Buka konten ini

PRIA asal Meksiko, Juan Pedro Franco, yang dikenal sebagai penderita obesitas ekstrem dengan berat badan mencapai 600 kilogram, meninggal dunia pada usia 41 tahun, Selasa (24/12/2025).
Juan menghembuskan napas terakhir di sebuah rumah sakit di Aguascalientes, Meksiko. Ia meninggal akibat komplikasi infeksi ginjal setelah kondisi kesehatannya terus menurun.
Nama Juan Pedro Franco tercatat dalam Guinness World Records sebagai pria tergemuk di dunia pada 2017. Sebagian besar hidupnya dihabiskan dengan terbaring di tempat tidur karena keterbatasan fisik yang dialaminya.
Semasa hidup, Juan menjalani perawatan intensif di bawah pengawasan dokter Jose Antonio Casteneda.
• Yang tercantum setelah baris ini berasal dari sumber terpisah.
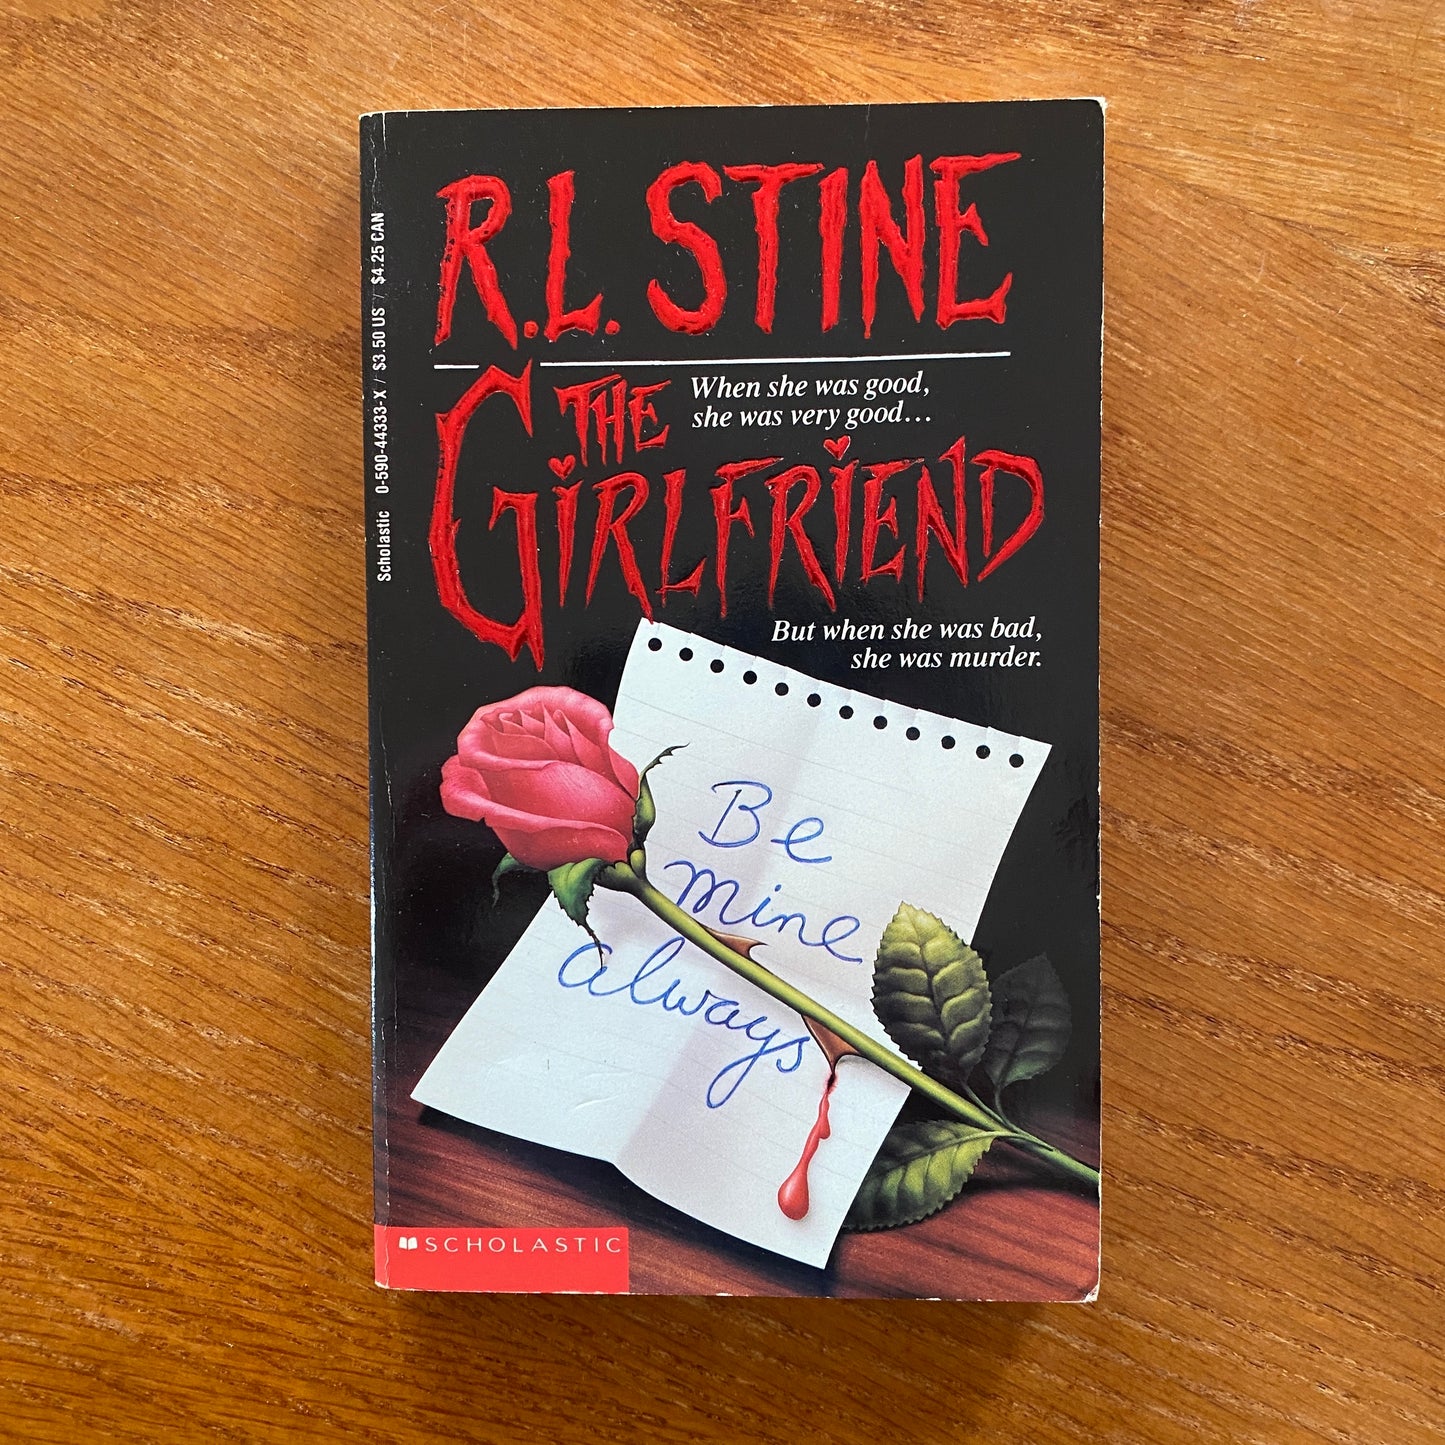 R.L Stine - The Girlfriend

Ia sempat menjalani diet mediterania serta dua kali operasi bariatrik. Upaya tersebut membuahkan hasil, di mana pada 2023 berat badannya berhasil turun sekitar 346 kilogram.
Perjalanan hidup Juan menjadi pengingat bahwa obesitas bukan sekadar persoalan penampilan, melainkan kondisi medis serius yang berisiko mengancam nyawa. Penyakit ini umumnya dipengaruhi oleh kebiasaan hidup yang tidak sehat dan berlangsung dalam jangka panjang.
Kisah Juan juga menegaskan pentingnya kesadaran sejak dini untuk mencegah kebiasaan buruk, demi menjaga kualitas hidup dan menghindari dampak kesehatan jangka panjang.
Masalah berat badan sudah dialami Juan sejak kecil. Pada usia enam tahun, bobot tubuhnya tercatat mencapai 63 kilogram. Seiring waktu, berat badannya terus meningkat drastis akibat pola hidup yang tidak sehat.
Belajar dari kasus tersebut, terdapat sejumlah kebiasaan yang kerap menjadi pemicu obesitas, dihimpun dari berbagai sumber.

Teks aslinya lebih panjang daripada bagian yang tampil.